All nucleotide numbers are based on the NL63 genome sequence (GenBank accession no. NC_005831).

Radioimmunoprecipitation and Western blot assays.

LLC-MK2 cells (∼5 × 10⁶ cells per 60-mm² dish) were infected with 2 ml of HCoV-NL63 P12 virus (∼0.2 TCID₅₀/ml) and incubated at 33°C. The medium was removed at 72 hpi, the cells were washed once with PBS, and methionine-free Dulbecco's modified Eagle's medium (Invitrogen) with actinomycin (5 μg/ml) was added to the cells for 1 h. Then, 100 μCi of ³⁵S-labeled methionine (MP Biomedicines, Inc.) was added to each dish and incubated at 33°C for 24 h. At 96 hpi, the radiolabel was removed, and the cells were washed three times with PBS. Whole-cell lysates were prepared by the addition of 250 μl of lysis buffer A (4% sodium dodecyl sulfate [SDS], 3% dithiothreitol [DTT], 40% glycerol, 0.065 M Tris-HCl [pH 6.8]). The cells were then scraped together with a rubber policeman, and the lysate was passed through a 25-gauge needle to shear the cellular DNA. The lysates were either used directly for immunoprecipitation or stored at −80°C for further experiments.
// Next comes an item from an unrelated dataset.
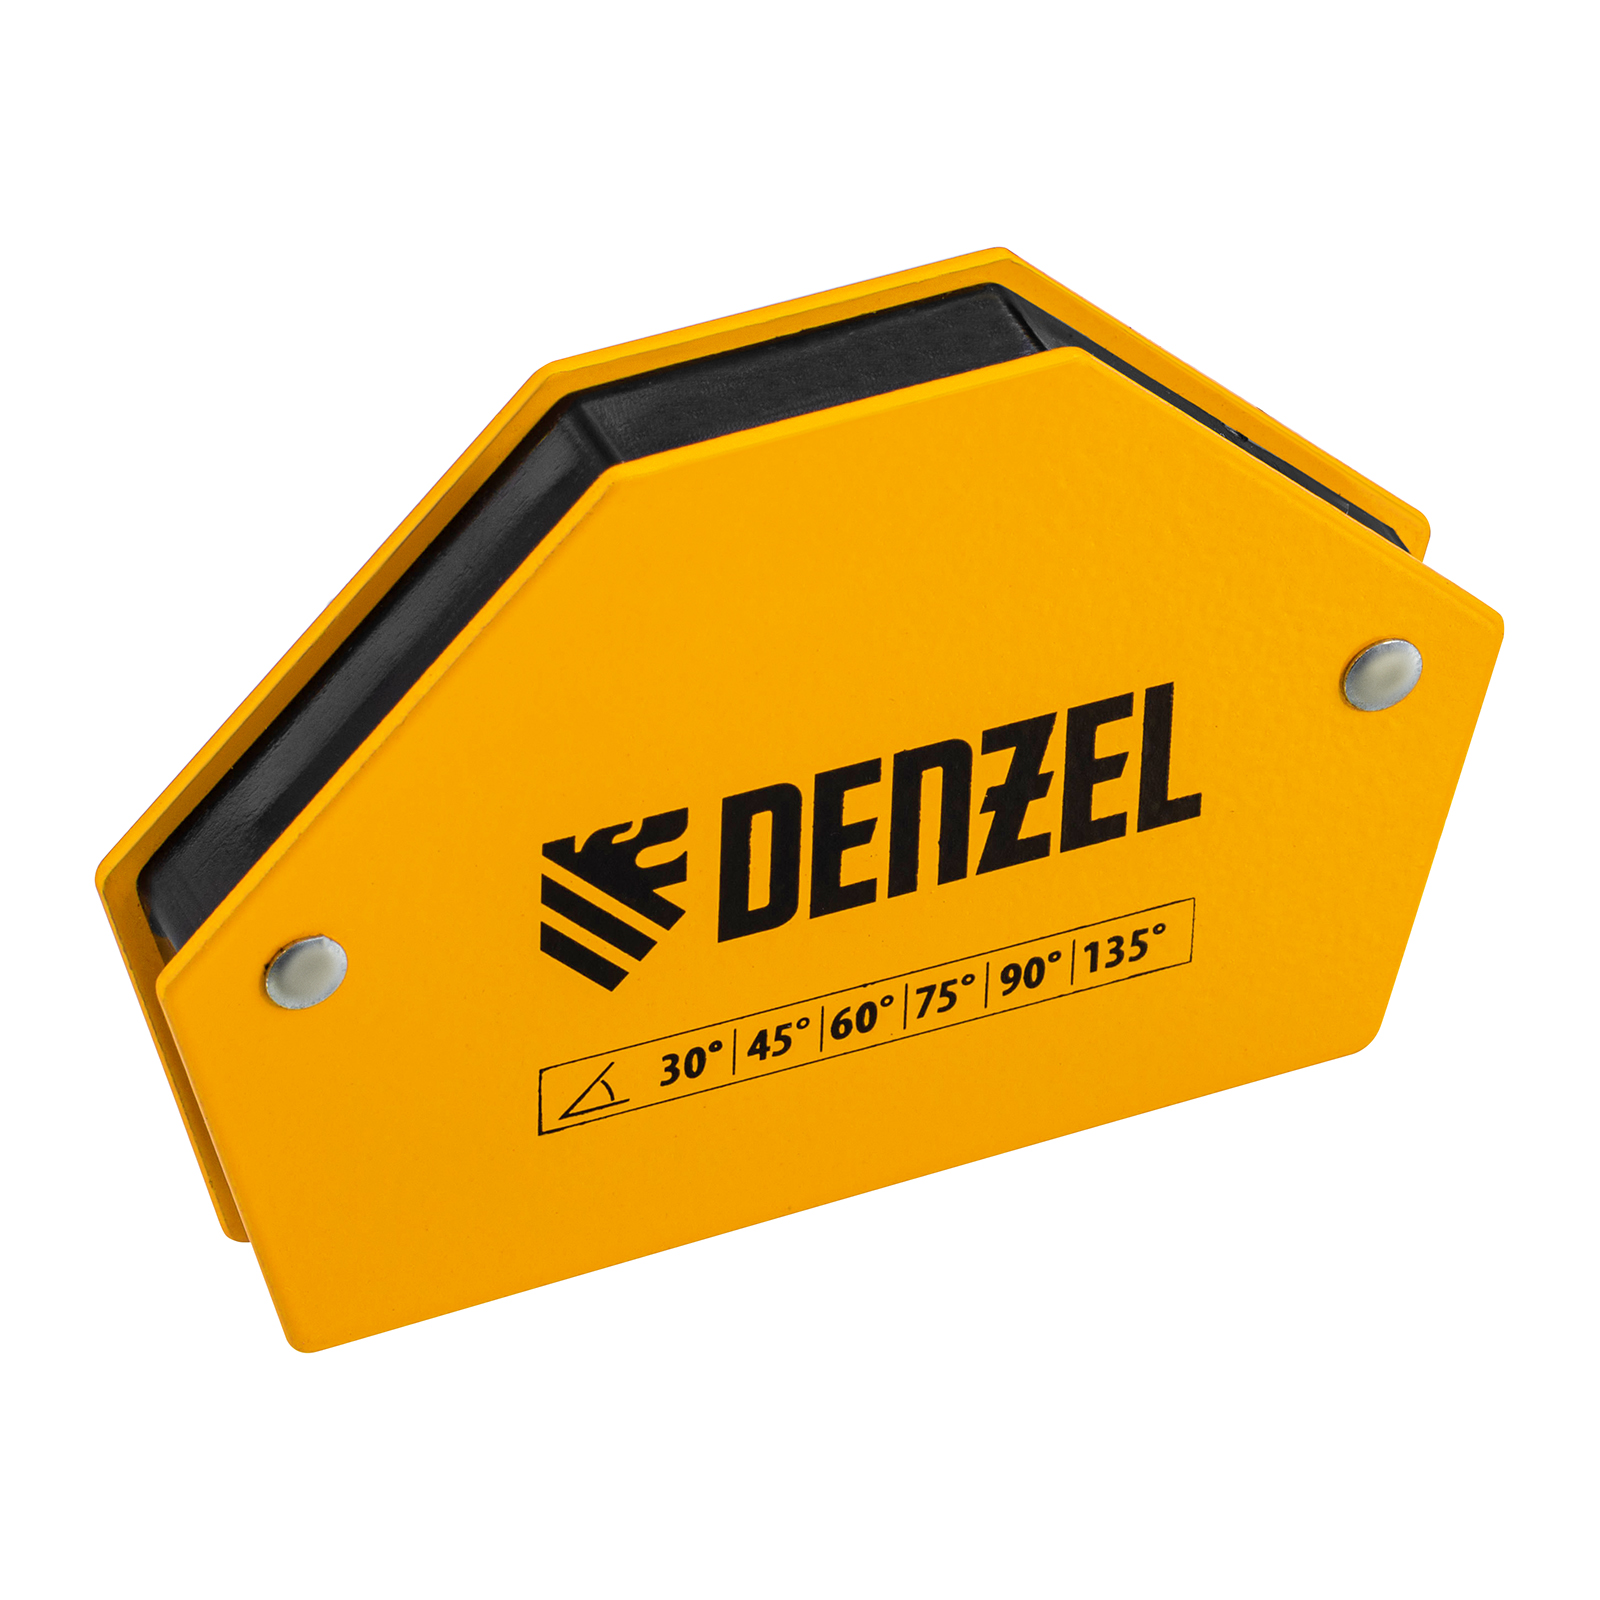 Фиксатор магнитный для сварочных работ DENZEL усилие 25 LB, 30х45х60х75х90х135 град. 97552 фиксатор магнитный птк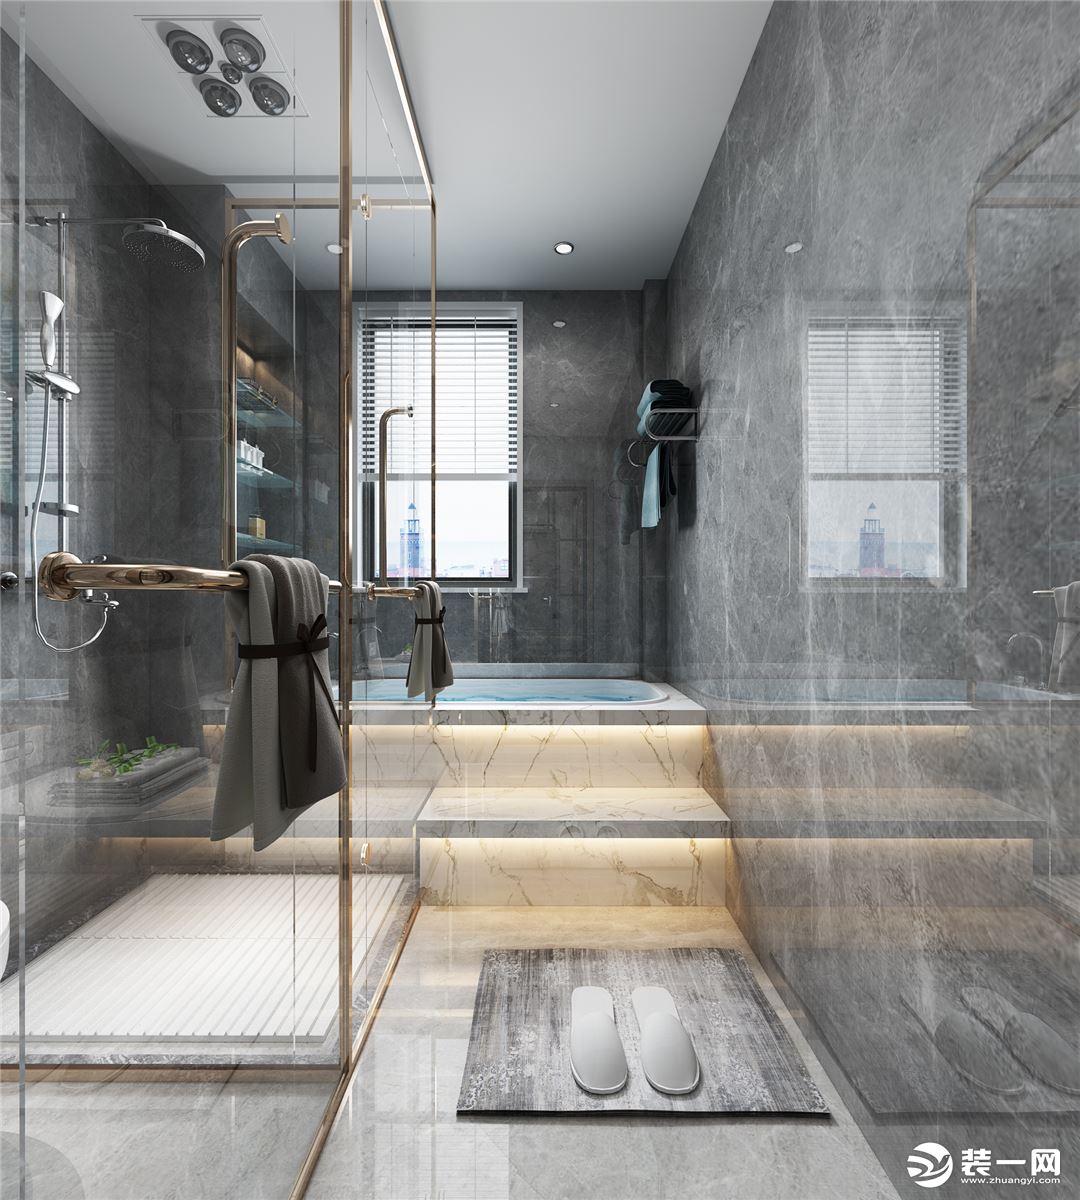 浴室墙壁覆盖着适合淋浴的混凝土层，并配有黑色花洒淋浴，豪华水龙头和一个矩形可丽耐水槽。

To immunoprecipitate radiolabeled protein, 100 μl of the cell lysate (with equal cell equivalents) was diluted in 1 ml of radioimmunoprecipitation assay (RIPA) buffer (0.5% Triton X-100, 0.1% SDS, 300 mM NaCl, 4 mM EDTA, and 50 mM Tris-HCl, pH 7.4). Five microliters of the preimmune rabbit serum or the designated antiserum and 40 μl of protein A-Sepharose beads (Amersham Pharmacia Biotech AB, Uppsala, Sweden) were added to the above-described sample mixture and then rocked overnight at 4°C. The beads were pelleted for 1 min at 12,000 rpm in a bench-top microcentrifuge, the supernatant was removed, and the beads were washed three times with 1 ml of RIPA buffer. The beads were again pelleted, and 50 μl of 2× sample buffer was added to each sample and incubated for 30 min at 37°C. The immunoprecipitated protein was analyzed by SDS-polyacrylamide gel electrophoresis (SDS-PAGE). The gels were then fixed for 30 min in 25% methanol-10% acetic acid in water, treated with Amplify (Amersham Biosciences) for 30 min, dried, and exposed to X-ray film for 1 to 5 days.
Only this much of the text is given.